My husband and I took the kids and Gazira to a BBQ that his Wing was having (he is in the AF). When I take her places where there are bound to be many distractions (especially food) I make sure to put her backpack on with some water in it for weight. Her backpack is red and black, and quite often she gets mistaken as a service dog. 

Anyway, I had my plate of food and was sitting at a picnic table eating and feeding our 17 month old. A lady at the table behind me got my attention and asked "is that a "trained" service dog?" I said "no, she is not a service dog, she doesnt have a service dog patch on her pack" she replied "she is very well behaved, I havent seen a dog as well behaved as her, especially when food is around" I replied "thank you, I strive for all my dogs to be well mannered, I have three others at home". At the mention of striving for all my dogs to be well mannered, her eyes got <u> huge</u> which suprised me. I told my husband about it and he said "well, thats because most people now days get a dog and just put it in the backyard and dont bother to train or socialize them". I see it all the time, I guess I just never think about it because I dont do that with my dogs.

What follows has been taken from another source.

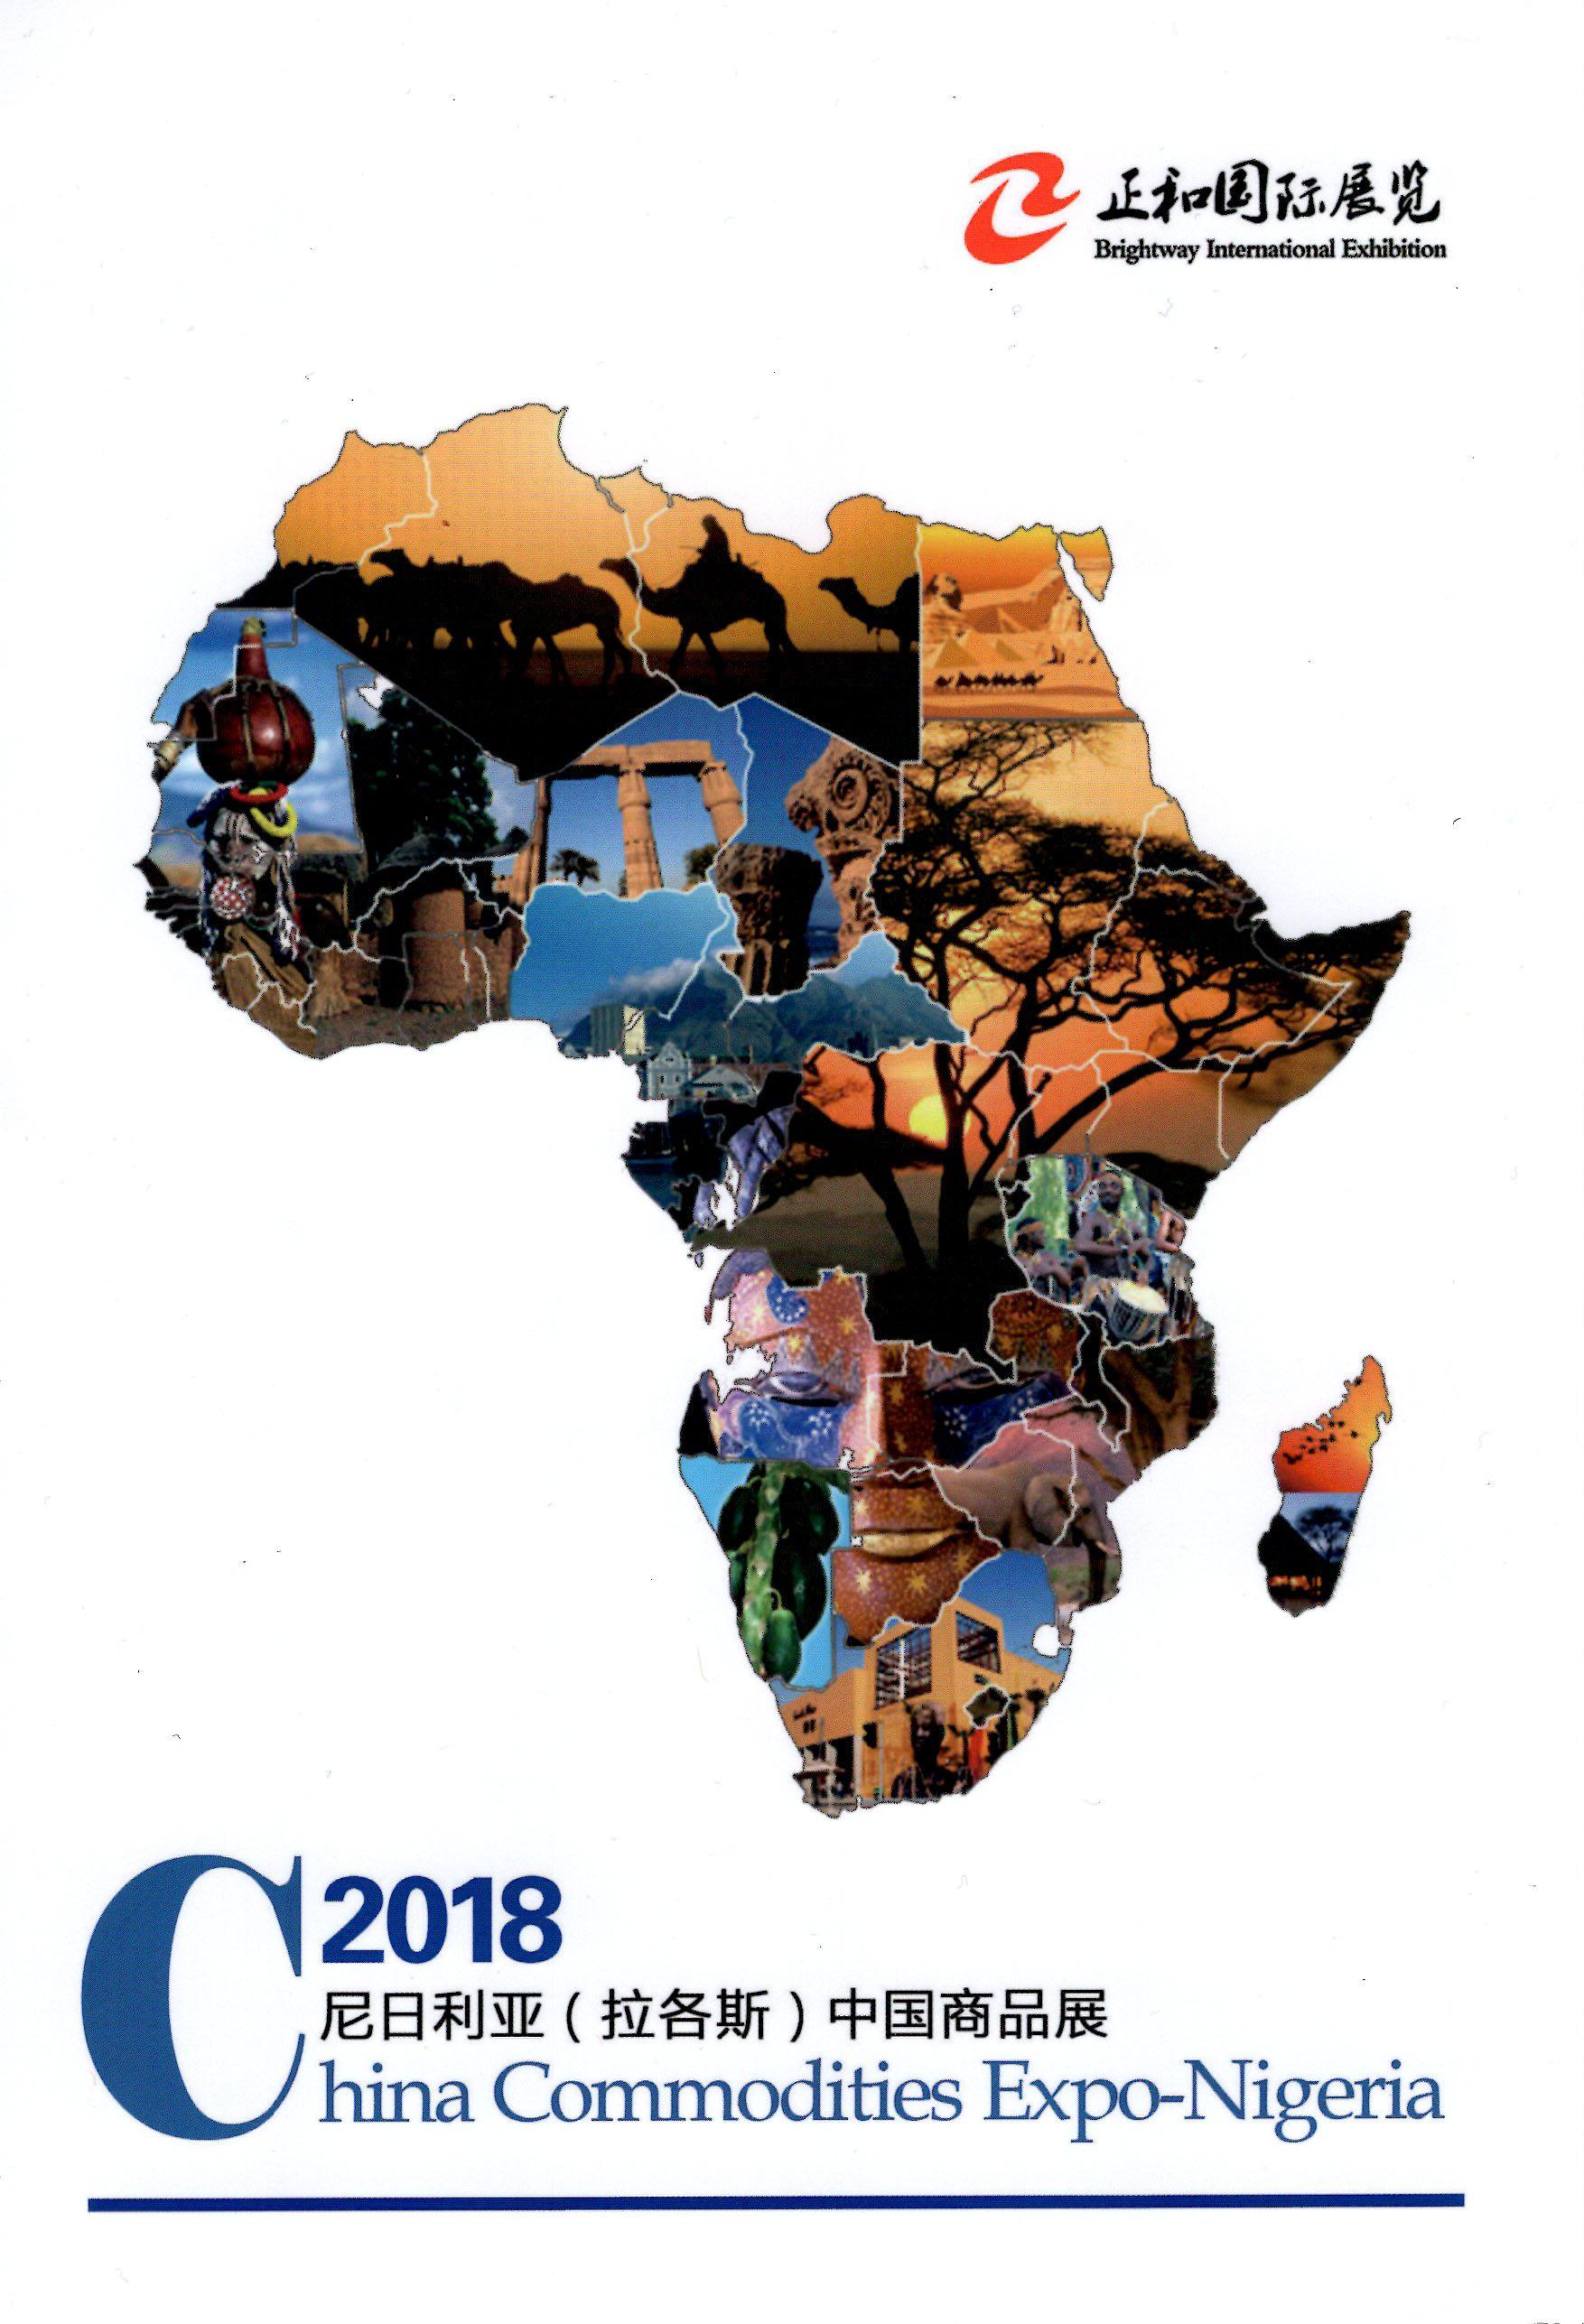 2018尼日利亚(拉各斯)中国商品展-

Here are some pictures of her in her backpack (sorry, I had to take them in low resolution because of the reflective tape on the pack so they are not the greatest).


----------



## acurajane (May 21, 2008)

thats great. where did you get the pack at?


----------



## littledmc17 (Apr 9, 2008)

that is great
good baby


----------



## Kayos and Havoc (Oct 17, 2002)

What a good girl!!!!! And pretty too.

I sometimes think GSD's are held to a higher standard due to thier breed and the jobs they are known for.


----------



## Sherush (Jan 12, 2008)

Ah good girl and cute backpack. We got a backpack for Jesse too we still need to size it to him. I bet if you met Jesse you would finally say you found another well behaved dog. I have him trained regarding food: regarding cooking he lies outside the kitchen, when eating he lies at my feet and does not move.


----------



## elfwofle (Dec 22, 2007)

> Originally Posted By: acurajanethats great. where did you get the pack at?


I got the backpack from ihelppets.com, most of the proceeds go to help dogs rescued from puppy mills. The backpack is made by Outward Hound. Here is the link for it http://store.nexternal.com/shared/StoreF...et=products.asp


----------